My cheeks were flaming, and my finger poked him in the chest with every syllable I recited. “‘True love suffereth long, and is kind; true love envieth not. True love vaunteth not itself, is not puffed up. True love does not behave itself unseemly, seeketh not her own, is not easily provoked, thinketh no evil. True love rejoiceth not in iniquity, but rejoiceth in the truth. True love beareth all things, believeth all things, hopeth all things, endureth all things!’” I stopped for a breath and one emphatic push against Samuel’s chest. “1st Corinthians, Chapter 13. Check it out.”

And with that I picked up my big green dictionary and my overflowing book bag and staggered up the aisle. The bus wasn’t at my stop yet, but I was out of there.





Samuel didn’t say much the morning following our heated Heathcliffe discussion. I asked him if he wanted to read the final five pages. He said he already had, and left it at that. He looked out the window the whole way into school, and I sat uncomfortably without anything to read. I wound up going ahead in my math book and doing the next day’s lesson. The ride home was much the same. Luckily it was Friday.

Monday morning I arrived at our seat first. I wasn’t carrying the dictionary anymore, having no reason to lug it with me if we were done. Samuel wasn’t far behind and he said “scoot” when I sat down. I shifted over against the window, and he sat down next to me. “Scoot” was the only thing he said the whole way into Nephi. This time I was prepared, and I buried my nose in Jane Eyre. Jane Eyre was like comfort food to me, and I was feeling a little rejected.

After school, I climbed on the bus, dreading the half hour I would sit next to Samuel in silence. I missed the reading and the discussion. I even missed him a little.

Samuel was already seated, and he watched me come towards him down the aisle. There was a strange look on his face when my eyes met his. He looked almost triumphant.
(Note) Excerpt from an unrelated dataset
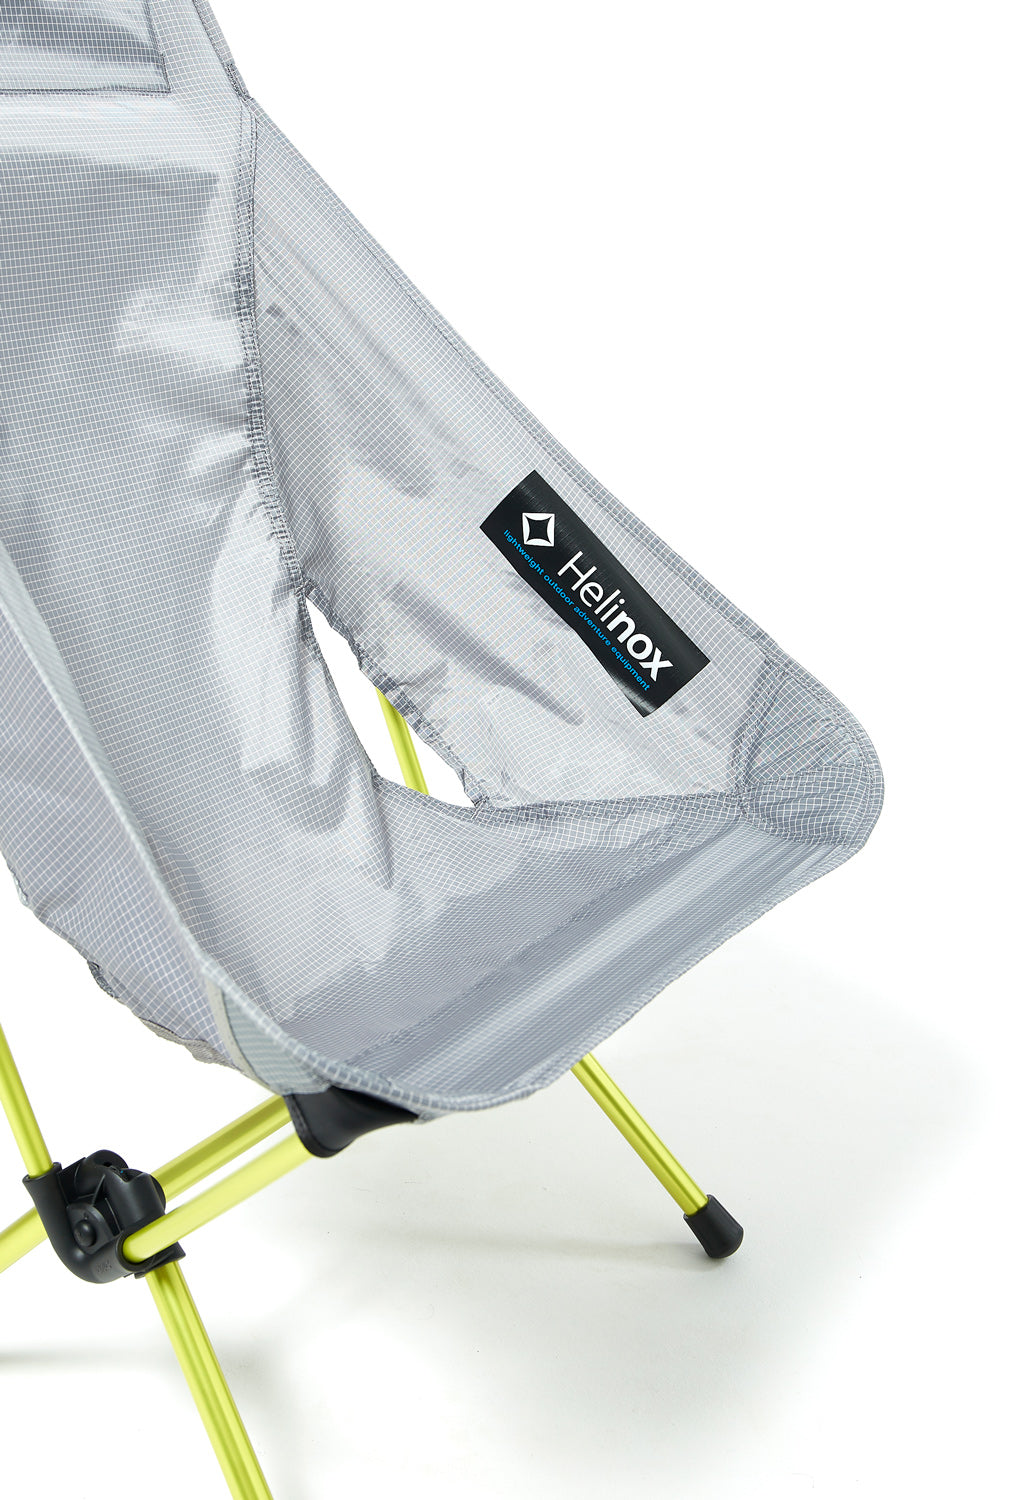 Helinox Chair Zero High Back - Grey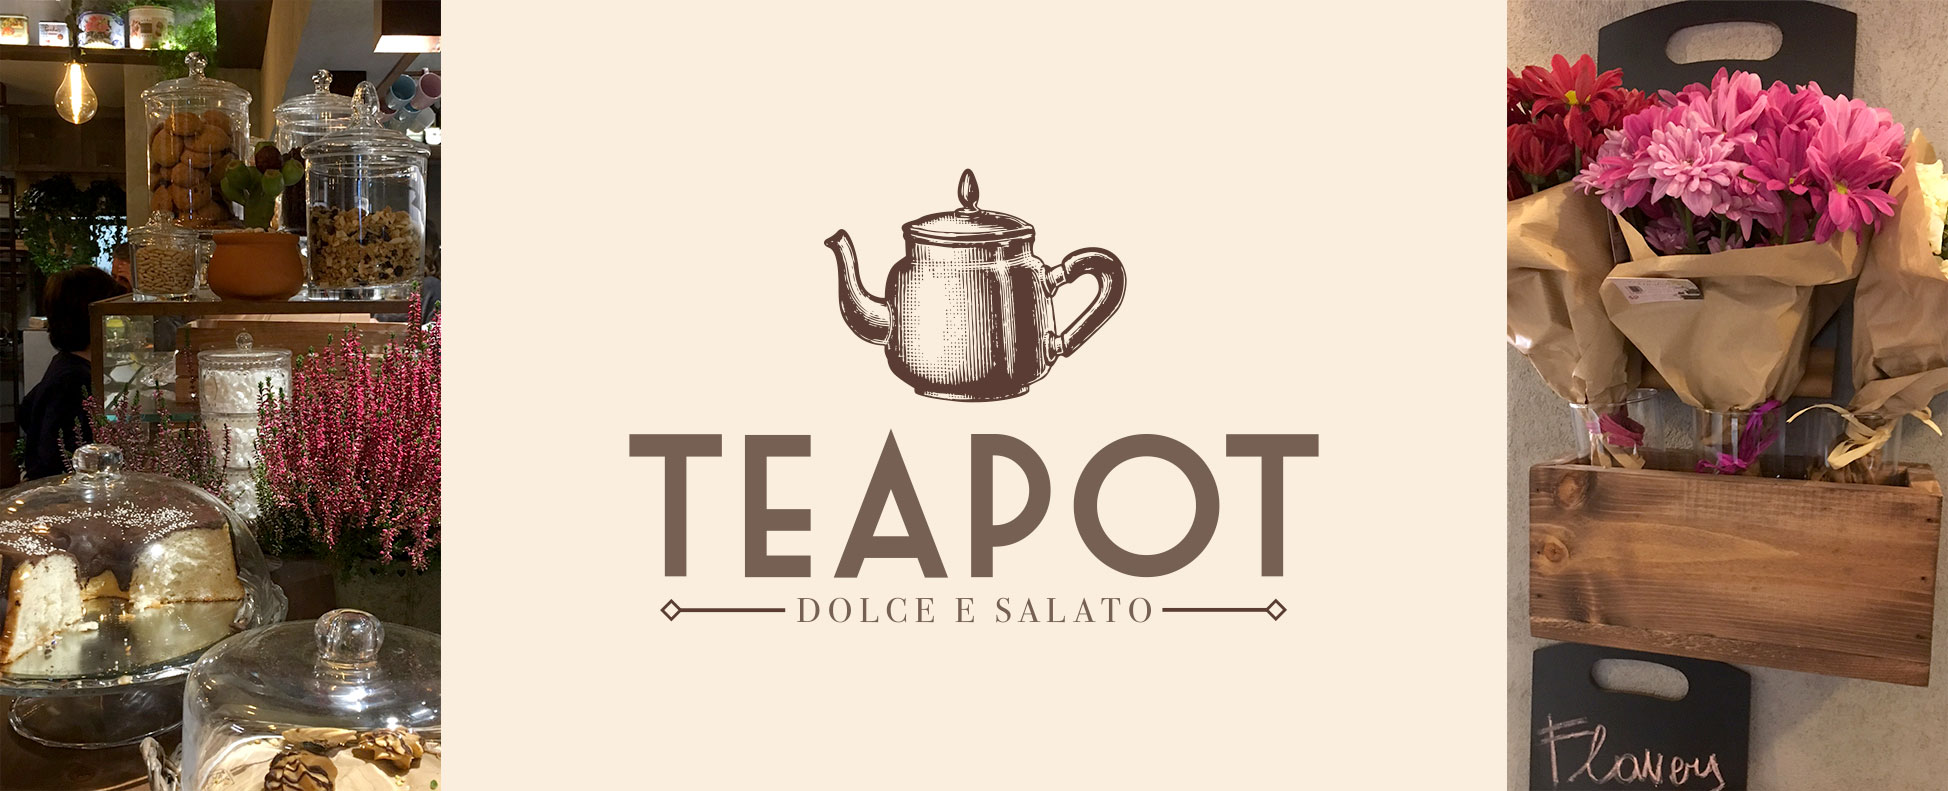 Teapot-print brand identity

I sat down and he held out a thin plastic folder.

“I guess you know something about true love after all. At least Ms. Whitmer thinks so,” he said vaguely.

My eyes quickly scanned the cover page. It was Samuel’s report on Wuthering Heights. He had titled it ‘True Love or Obsession?’ Ms. Whitmer had written the words “Brilliant!” across the page in bold red print. I yanked the cover page over, my eyes flying down the page. Samuel had taken 1 Corinthians Chapter 13, replacing the word ‘charity’ with ‘true love’ as I had done, and basically written a paper on the difference between true love and obsession, using examples from the book. His final sentence was wonderful, and it was all his own. He said “Where true love would have redeemed them, obsession condemned them forever.”

I whooped loudly, only to have kids turn and stare at me curiously.

“Samuel! This is so cool! Did she say anything to you?” My smile felt like it was going to split my face in half, but I couldn’t help it.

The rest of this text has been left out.